The details continue to come out and it is not good at all for the administration. General Sanchez clearly had "Gitmo-ized" Abu Ghraib and failed to even have any code of conduct until last autumn. Even after rules were established, tactics which are considered violations of international law continued to be approved.
"Unnamed officials at the Florida headquarters of the U.S. Central Command...objected to some of the 32 interrogation tactics approved by Sanchez in September, including the more severe methods that he had said could be used at any time in Abu Ghraib with the consent of the interrogation officer in charge.

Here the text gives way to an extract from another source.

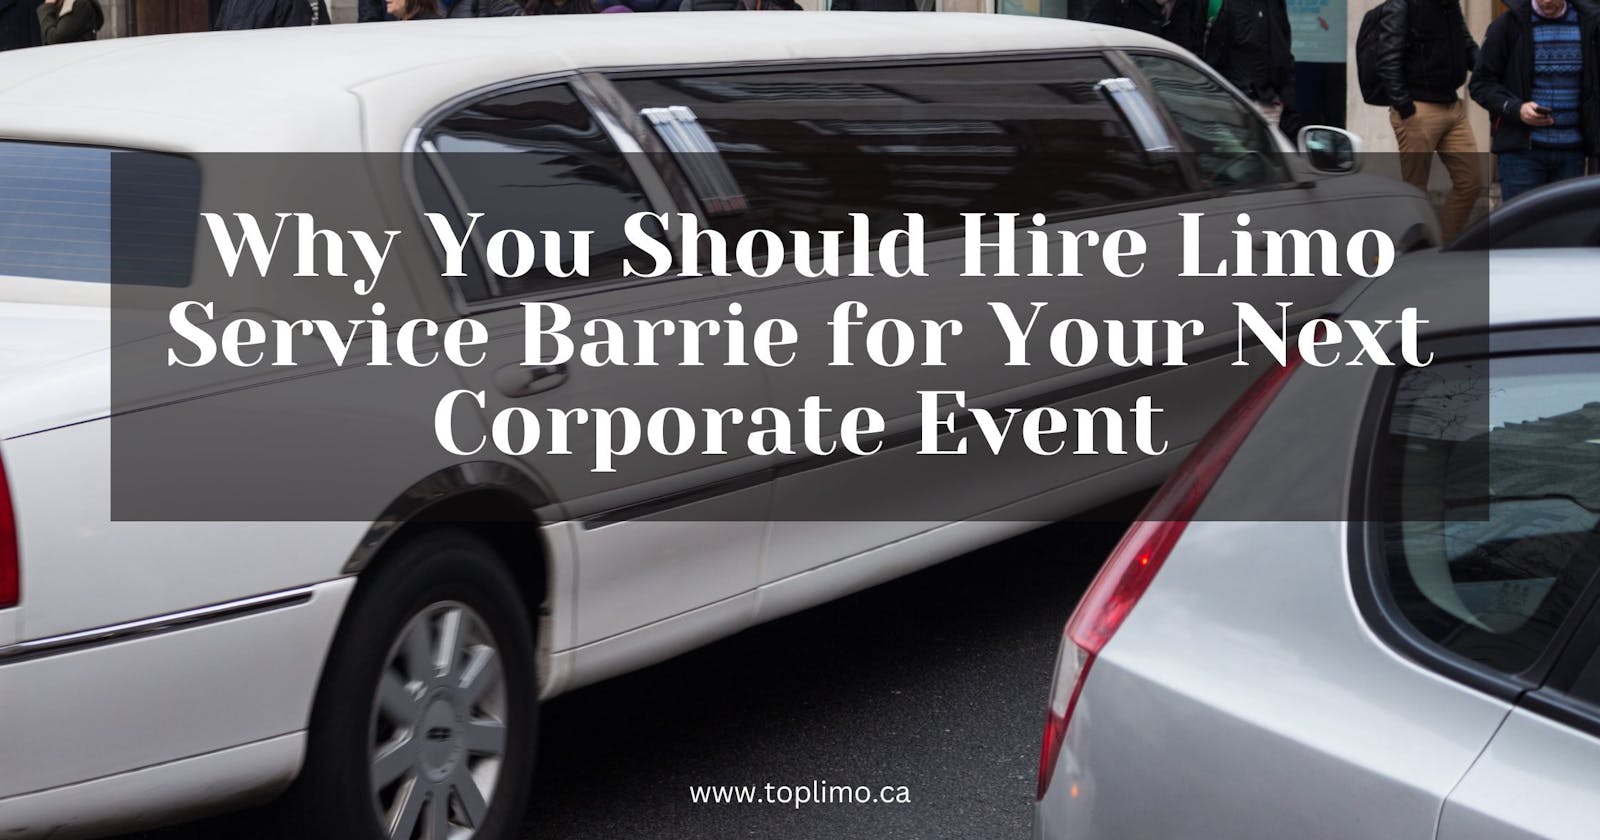 Why You Should Hire Limo Service Barrie for Your Next Corporate Event

As a result, Sanchez decided on Oct. 12 to remove several items on the list and to require that prison officials obtain his direct approval for the remaining high-pressure methods.
The high-pressure options that remained included taking someone to a less hospitable location for interrogation; manipulating his or her diet; imposing isolation for more than 30 days; using military dogs to provoke fear; and requiring someone to maintain a "stress position" for as long as 45 minutes. These were not dropped by Sanchez until a scandal erupted in May over photographs depicting abuse at the prison.
Although the October document calls attention to the strictures of the Uniform Code of Military Justice, it neither quotes from that statute nor makes any reference to the Geneva Conventions' rules against cruelty and torture involving detainees.
The list of interrogation options in the document closely matches a menu of options developed for use on detainees held by the U.S. military at Guantanamo Bay and approved in a series of memos signed by top Pentagon officials, including Defense Secretary Donald H. Rumsfeld. In January 2002, for example, Rumsfeld approved the use of dogs to intimidate prisoners there; although officials have said dogs were never used at Guantanamo, they were used at Abu Ghraib.
Then, in April 2003, Rumsfeld approved the use in Guantanamo of at least five other high-pressure techniques also listed on the Oct. 9 Abu Ghraib memo, none of which was among the Army's standard interrogation methods. This overlap existed even though detainees in Iraq were covered, according to the administration's policy, by Geneva Convention protections that did not apply to the detainees in Cuba."